The data set was constructed from sources such as public domain newspapers digitized by the US Library of Congress and the French National Library. Pierre-Carl Langlais, coordinator of the Common Corpus project, calls it a “set large enough to train a state-of-the-art LLM.” In big AI jargon, it contains 500 billion tokens; OpenAI’s most capable model is believed to have been trained on several billion.
Common Corpus is a collaboration coordinated by the French startup Pleias, in partnership with other artificial intelligence groups, such as Allen AI, Nomic AI, and EleutherAI. It is supported by the French Ministry of Culture and boasts the largest open data set in French to date. However, it aims to be multicultural and multi-use, a way to offer researchers and startups from a wide variety of fields access to a verified training suite, free of concerns about potential infringement.
The new data set also has its limitations. Much public domain content is obsolete; In the United States, for example, copyright protection typically lasts more than seventy years from the death of the creator, so you won’t be able to train an AI model on current affairs or, say, how Write a blog post using today’s jargon. Although, on the other hand, it would write an excellent pastiche of Proust.
“As far as I know, this is currently the largest public domain dataset to date for training LLM,” says Stella Biderman, CEO of EleutherAI, a collective open-source project that publishes AI models. “It is an invaluable resource.”
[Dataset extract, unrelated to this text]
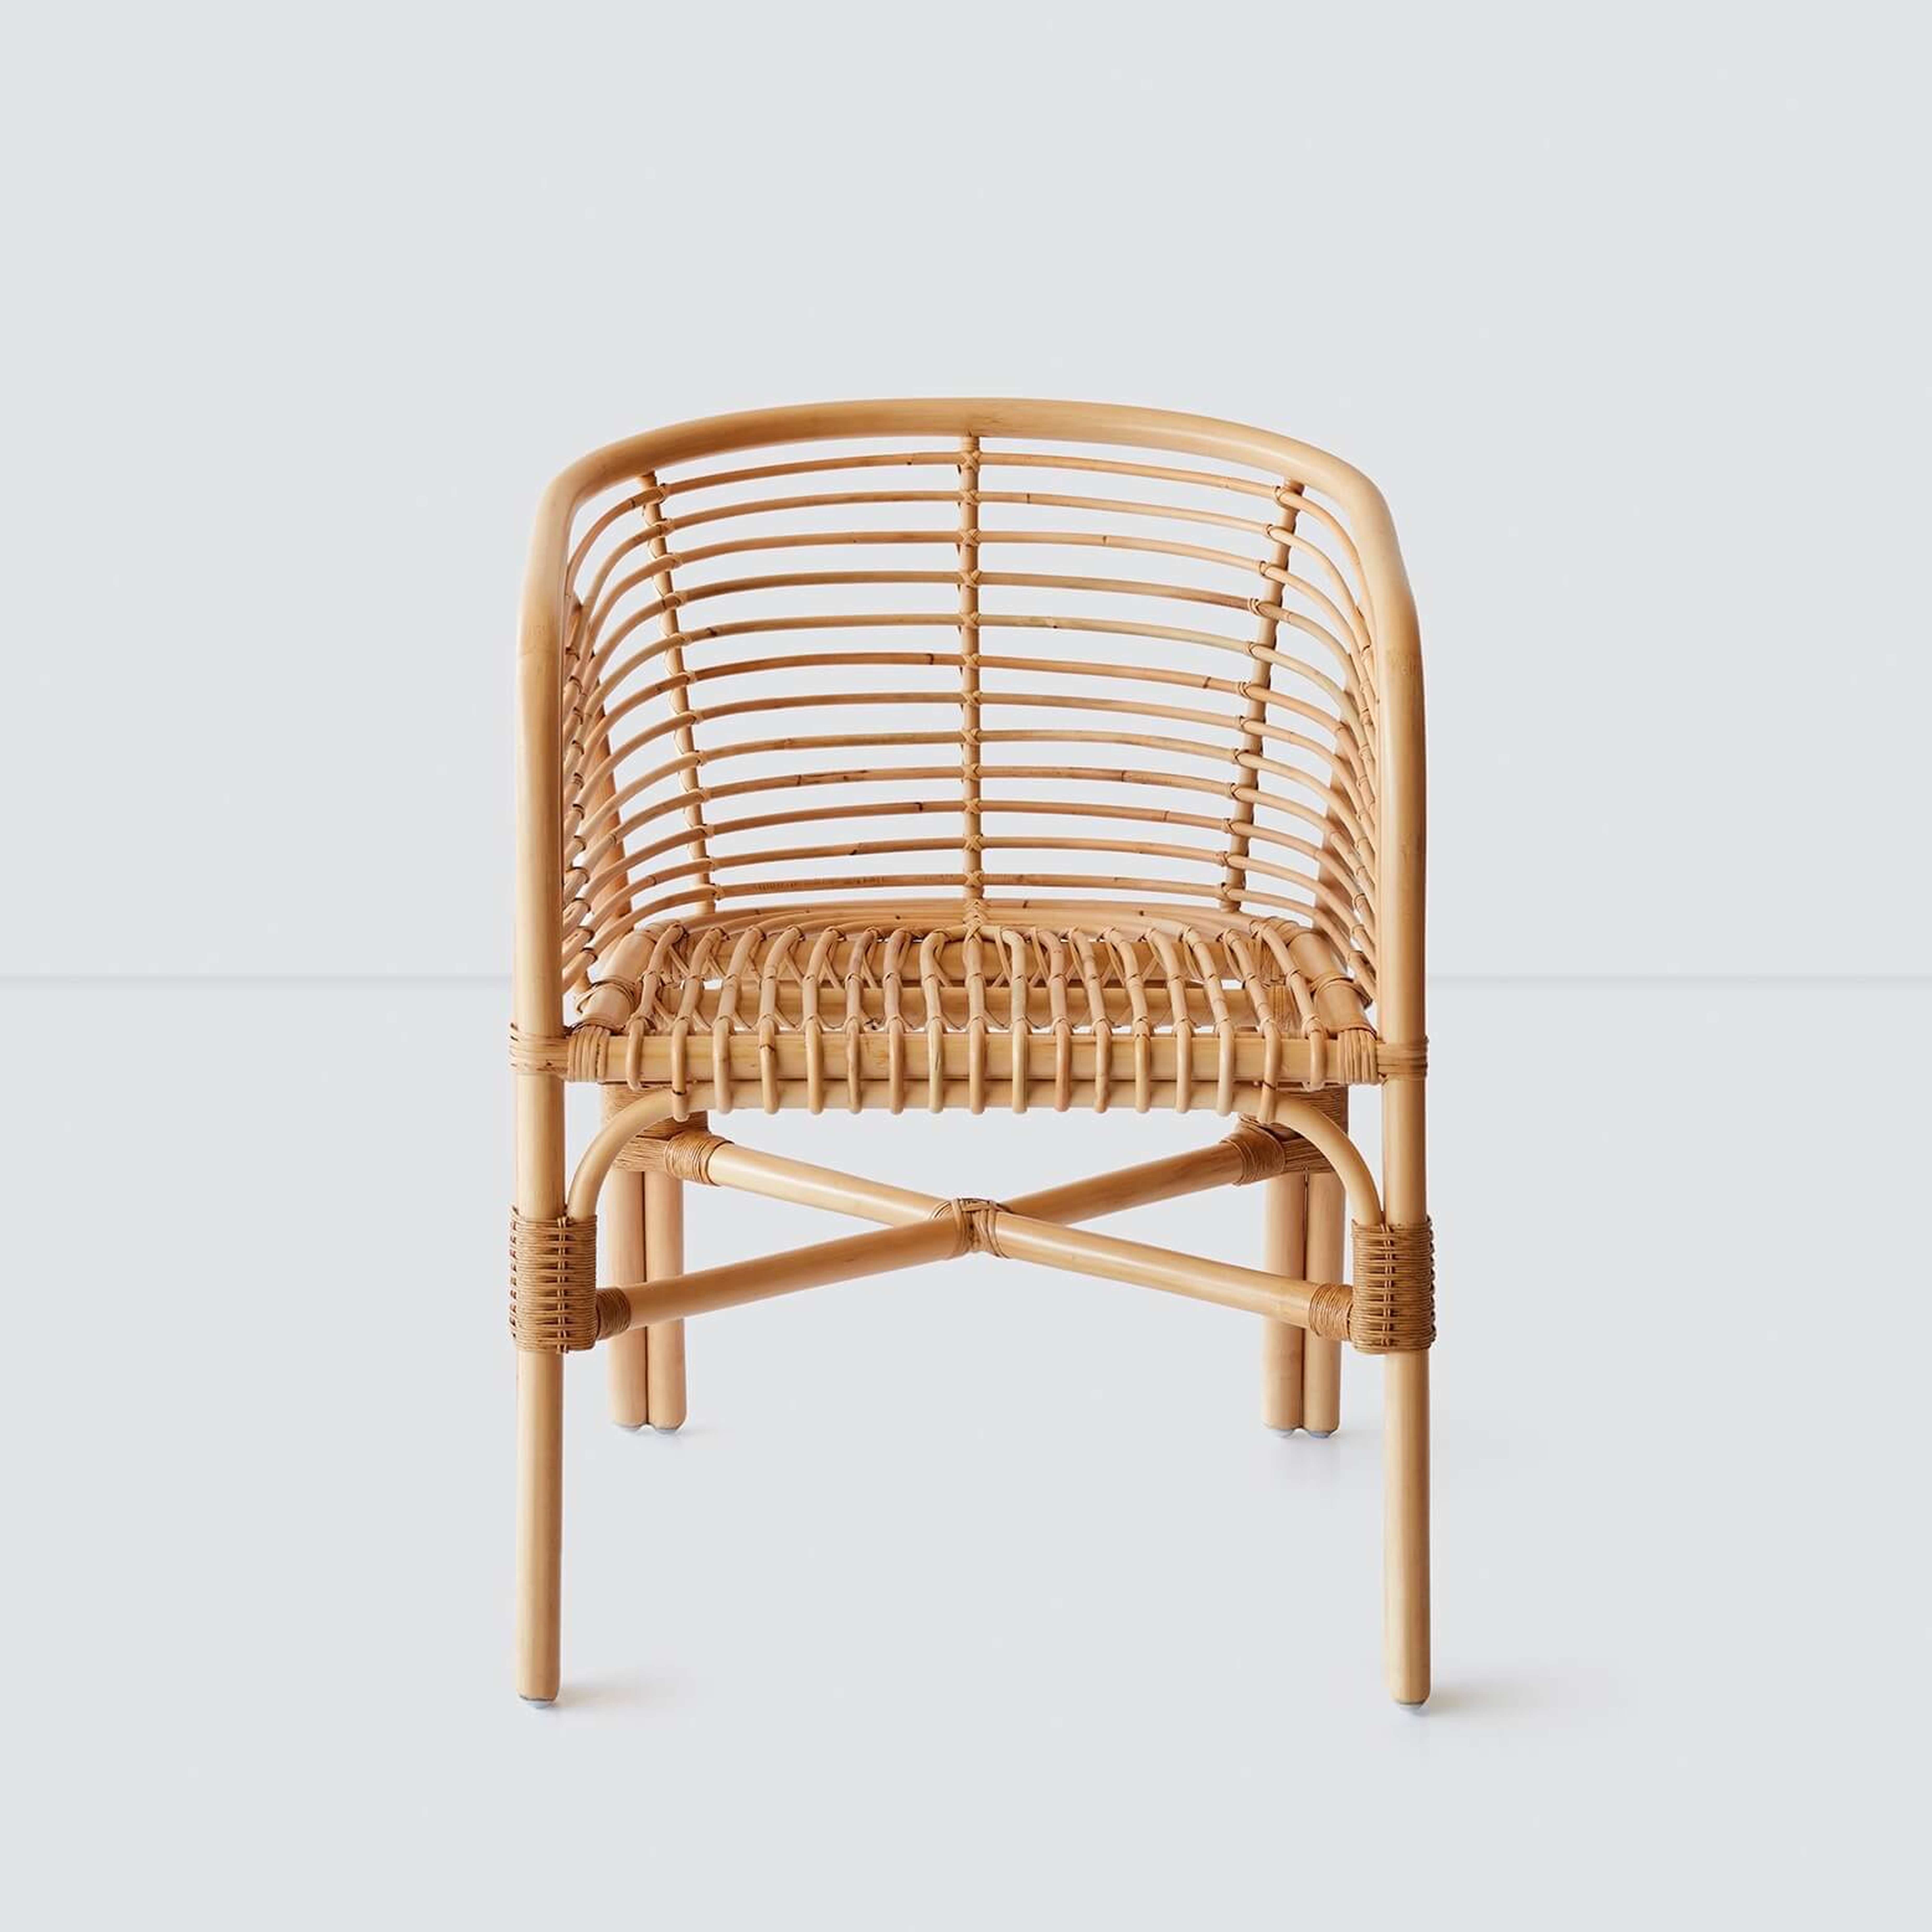 Lombok Rattan Lounge Chair By The Citizenry - The Citizenry

Projects like this are also extremely rare. No LLM other than 273 Ventures has been submitted to Fairly Trained for certification. But some who want artificial intelligence to be fairer for artists whose works have been swallowed up in systems like GPT-4 hope that Common Corpus and KL3M will show that there is a sector of the AI world skeptical of the arguments that justify the data scraping without permission.
“It’s a sales pitch,” says Mary Rasenberger, CEO of the Authors Guild of America, which represents book writers. “We are starting to see a lot more licenses and permit applications. It is a growing trend.” The Authors Guild, along with SAG-AFTRA and other professional groups, was recently named an official Fairly Trained contributor.
Although it has no more LLMs on its roster, Fairly Trained recently certified its first company offering AI voice models, Spanish voice-changing startup VoiceMod, as well as its first “AI band,” a heavy metal project. metal called Frostbite Orckings.